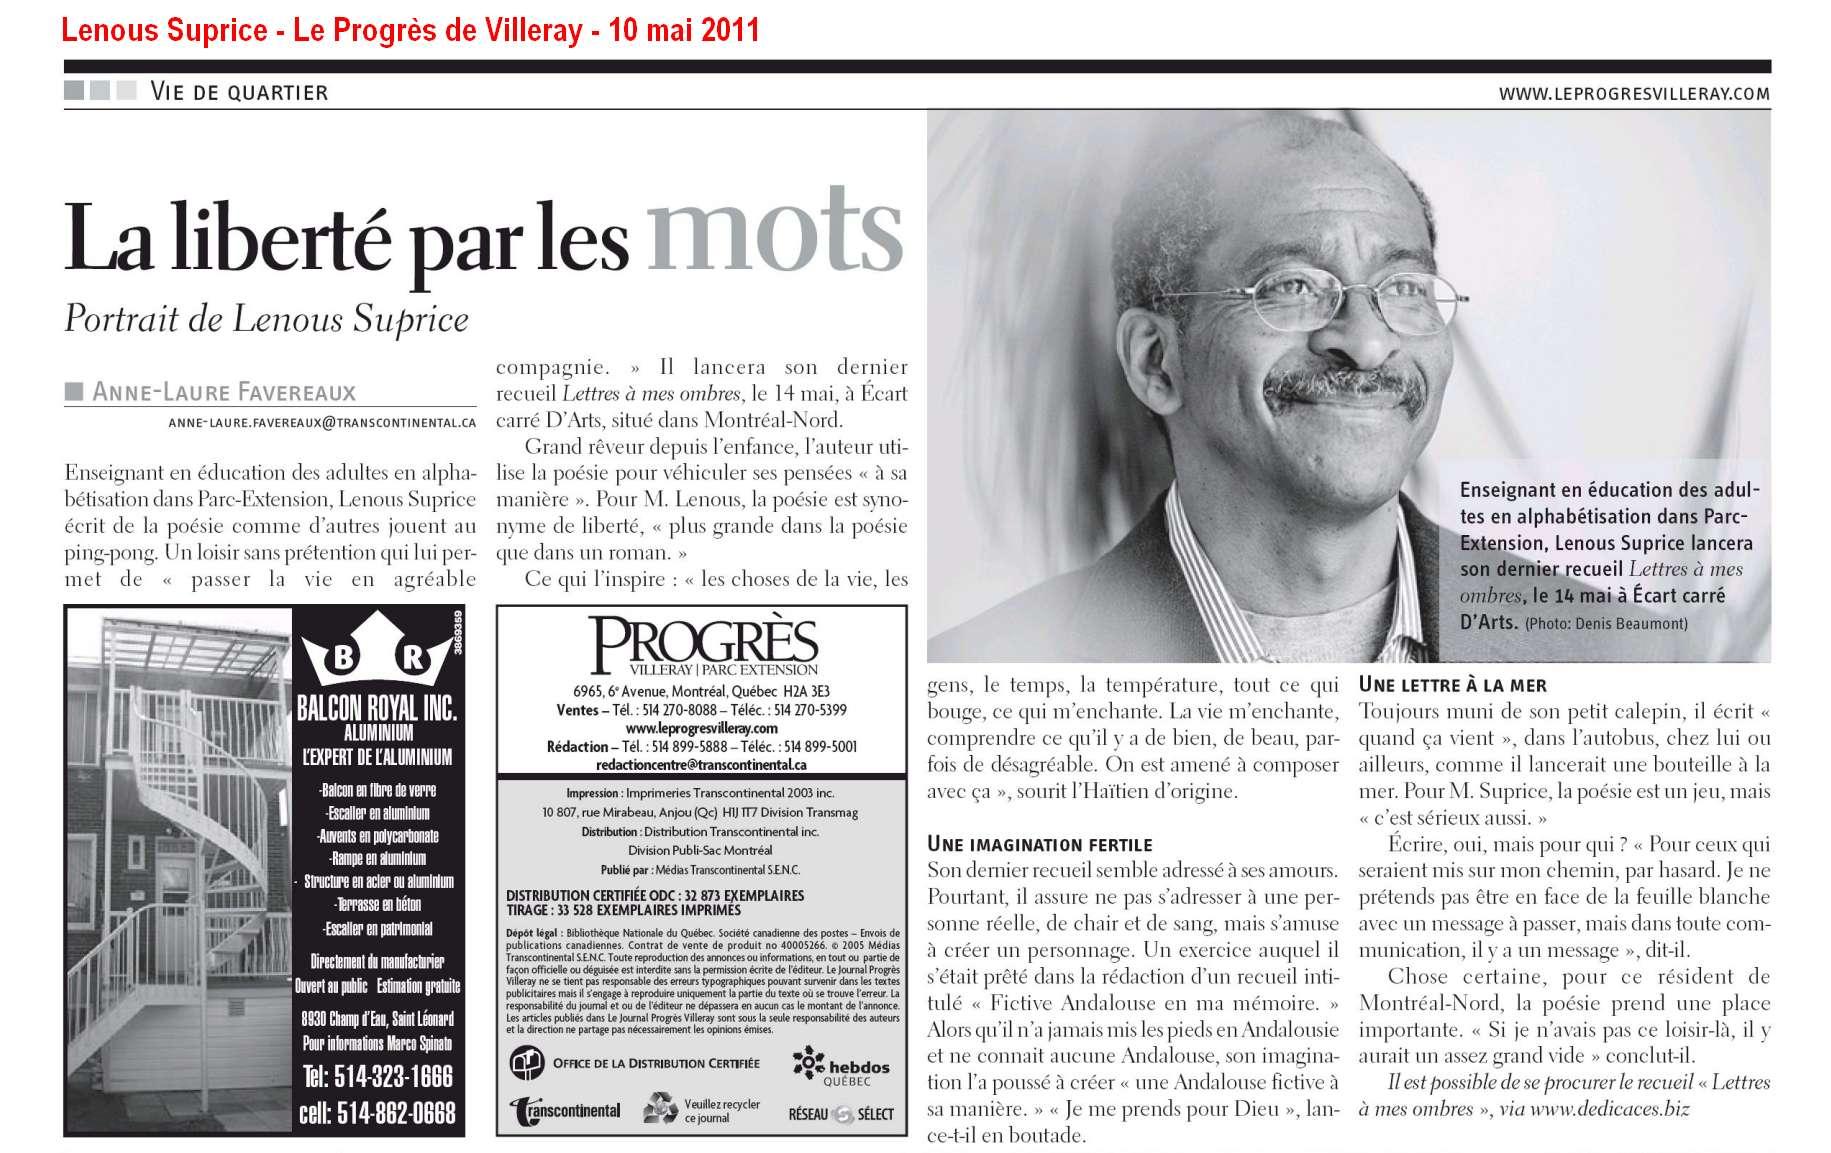 Lenous Suprice dans l'hebdomadaire « Le Progrès de Villeray » (10 mai 2011).
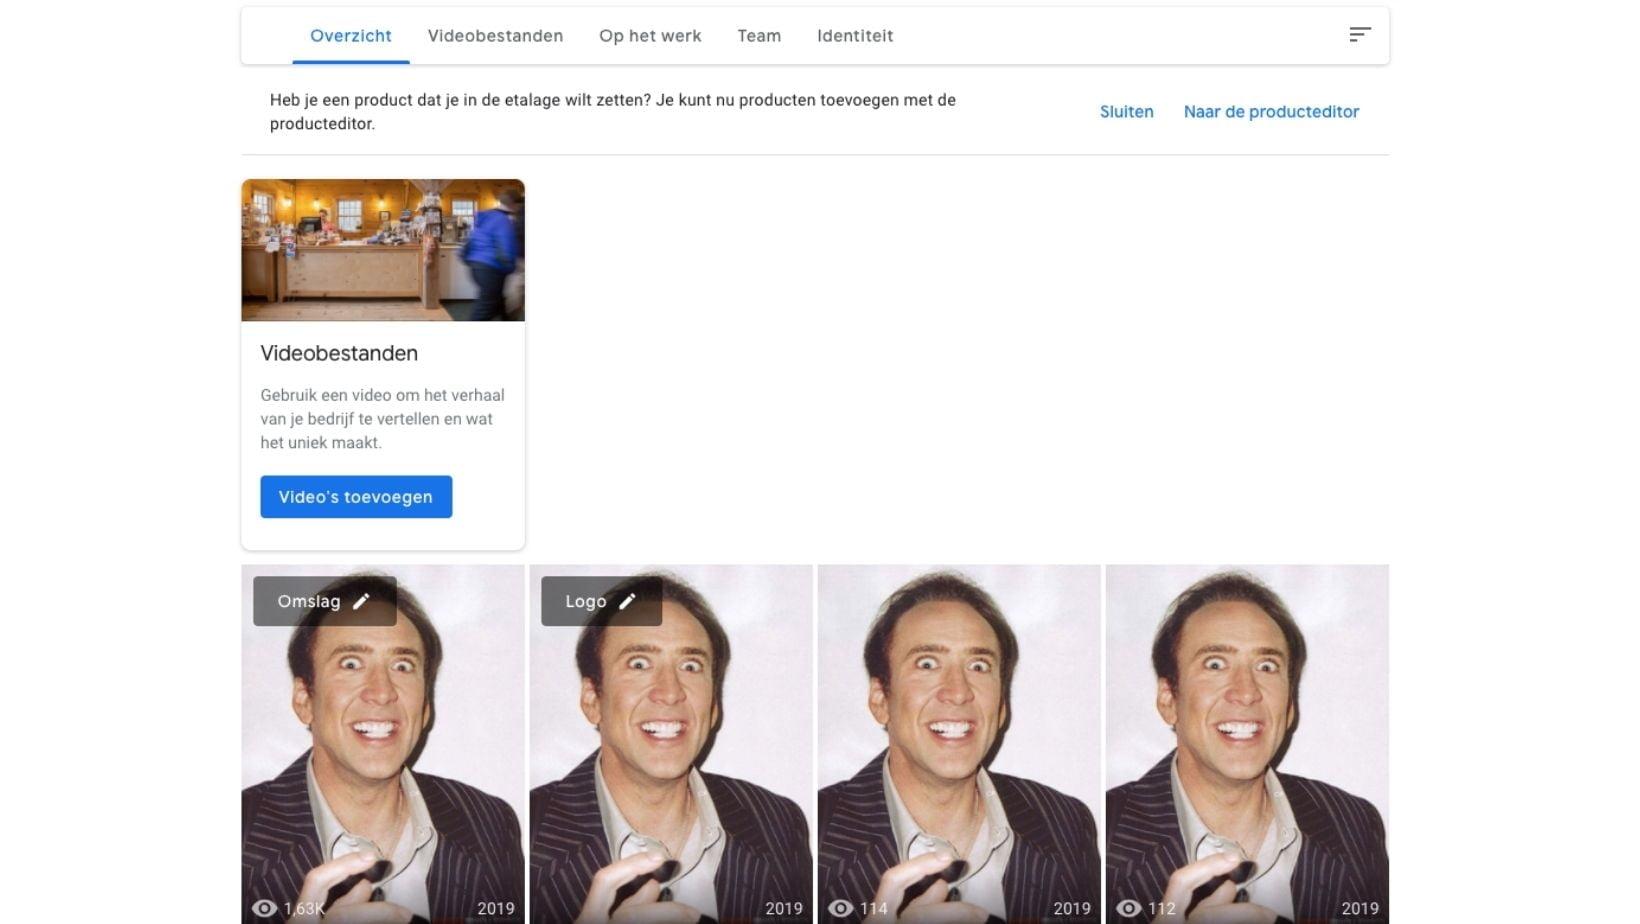 Google mijn bedrijf fotos
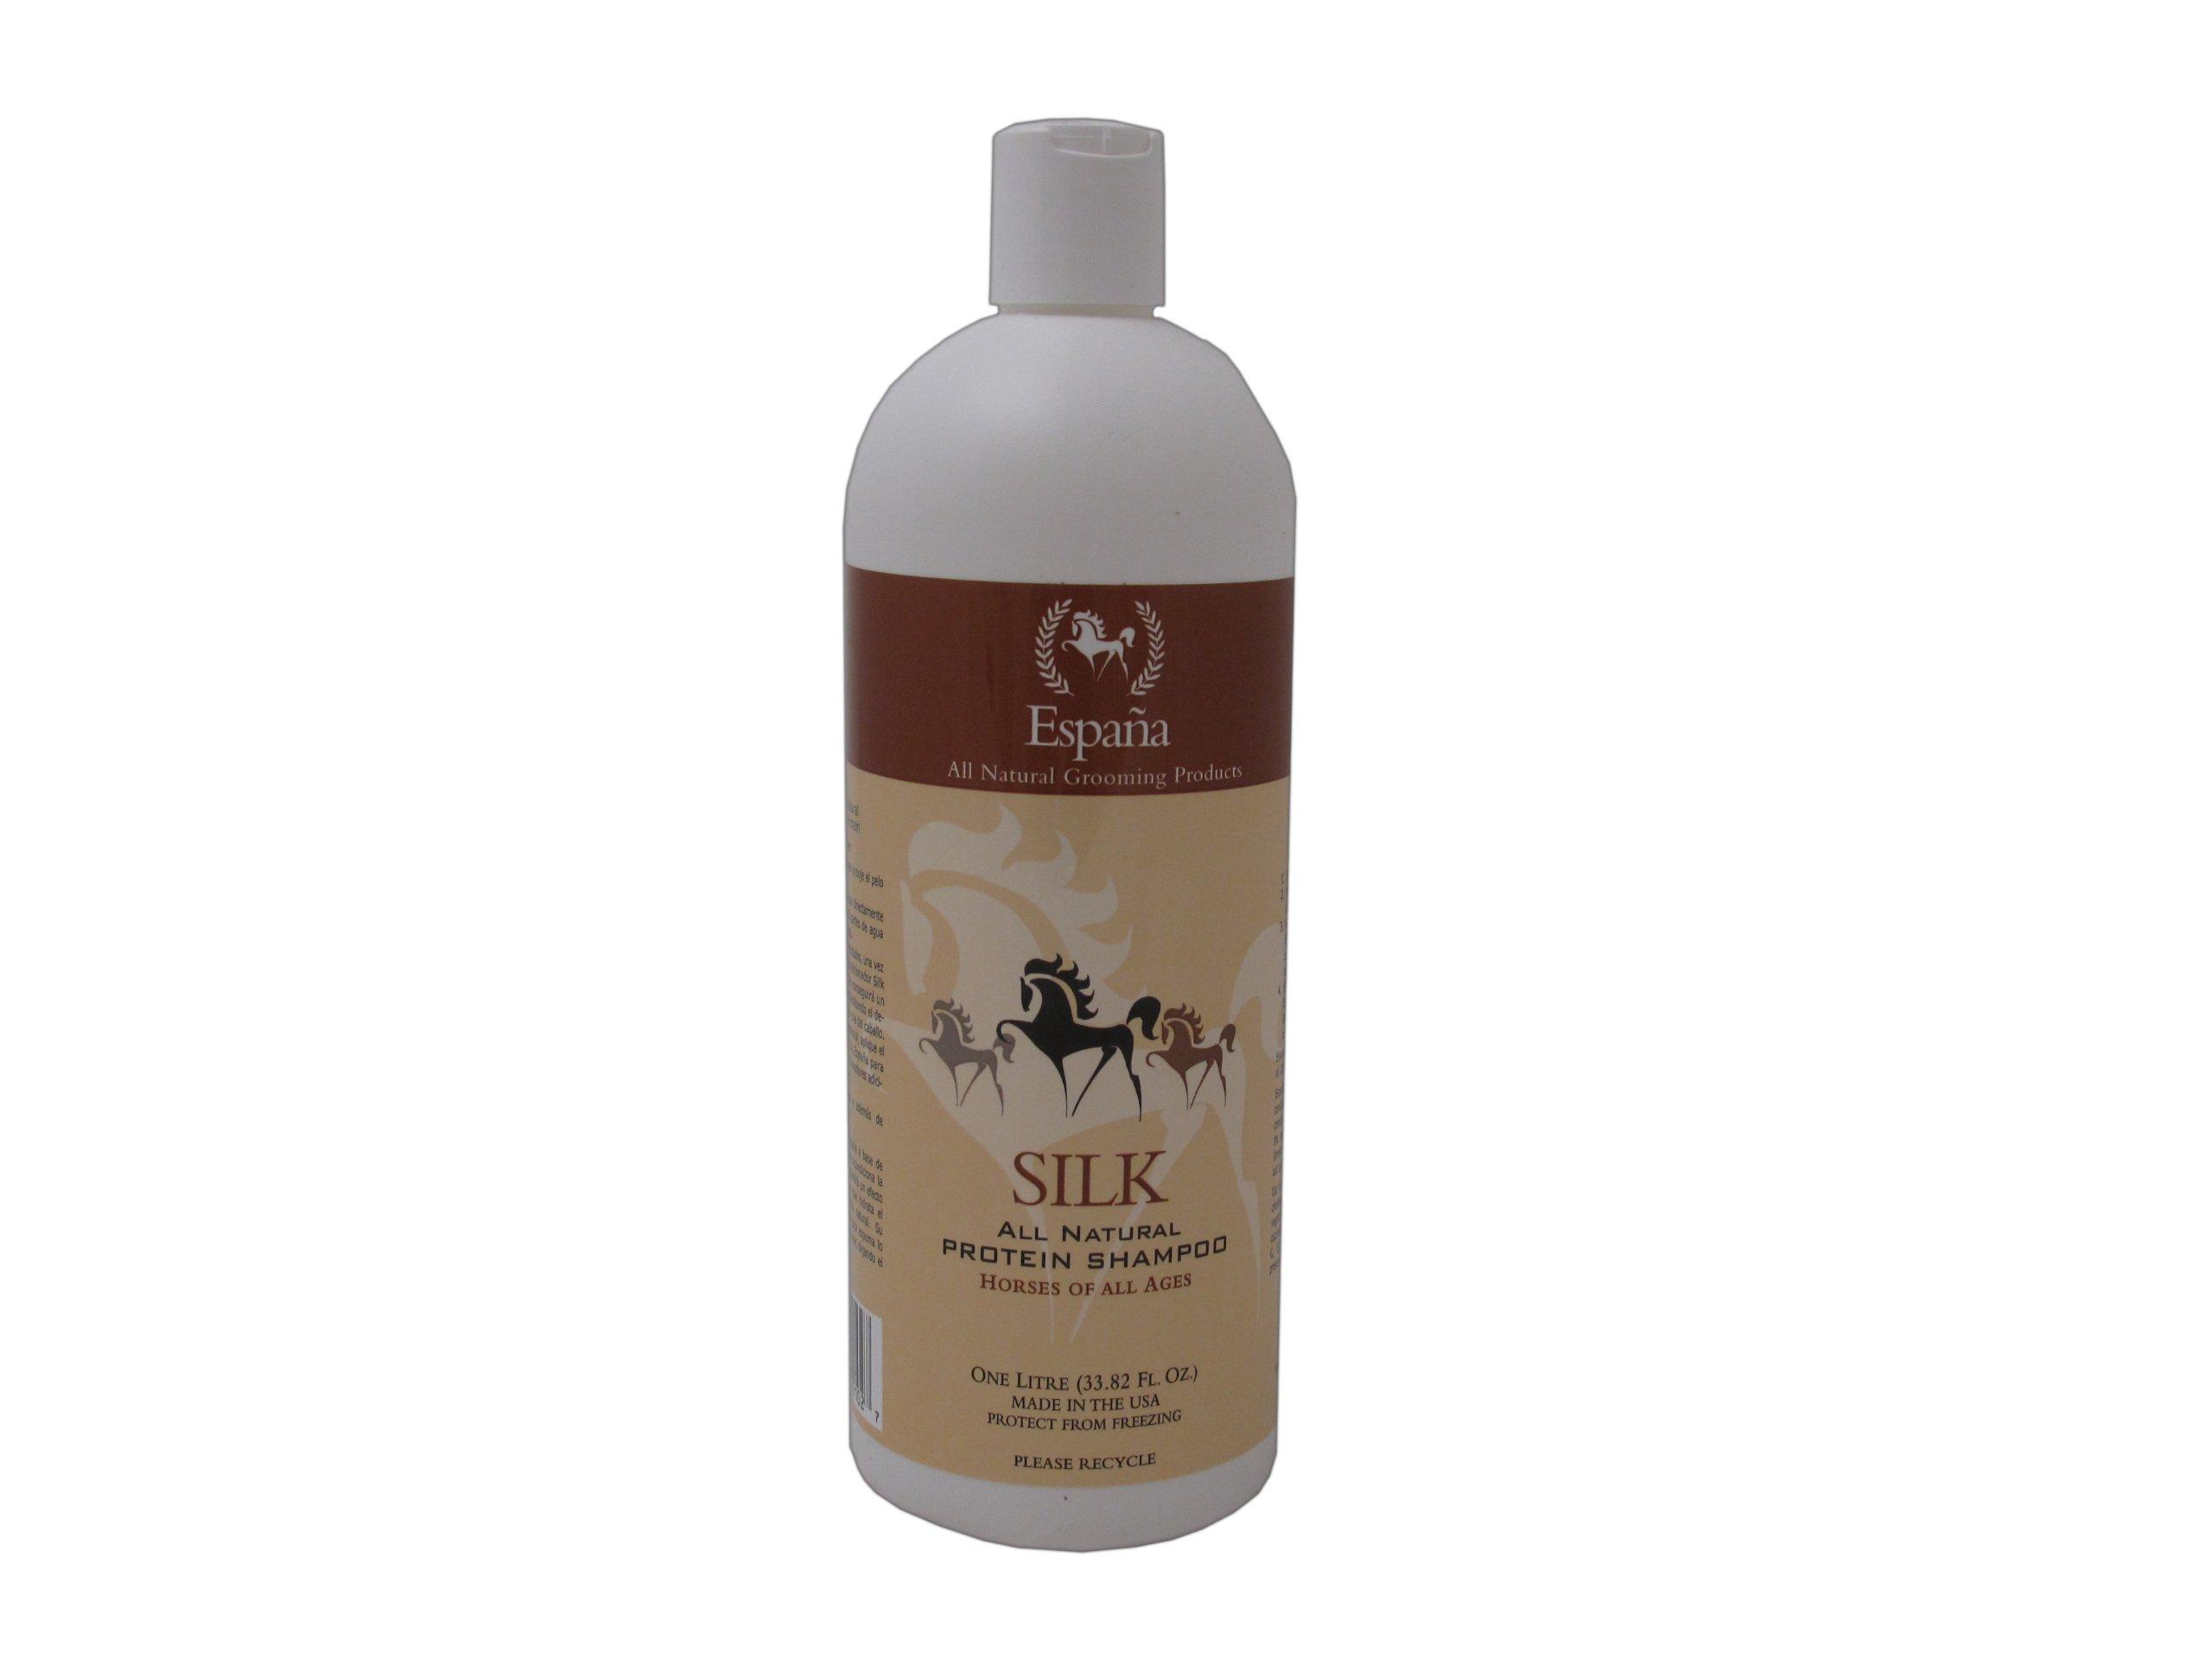 Espana Silk ESP0020E Specially Formulated Silk Protein Shampoo for Horses, 33.82-Ounce by EspanaSILK

TASK DETAILS: The copy should match each line above exactly and contain no images.

WRITTEN RESPONSE:
 Lenous Suprice dans l'hebdomadaire « Le Progrès de Villeray » (10 mai 2011).
 Google mijn bedrijf fotos
 Espana Silk ESP0020E Specially Formulated Silk Protein Shampoo for Horses, 33.82-Ounce by EspanaSILK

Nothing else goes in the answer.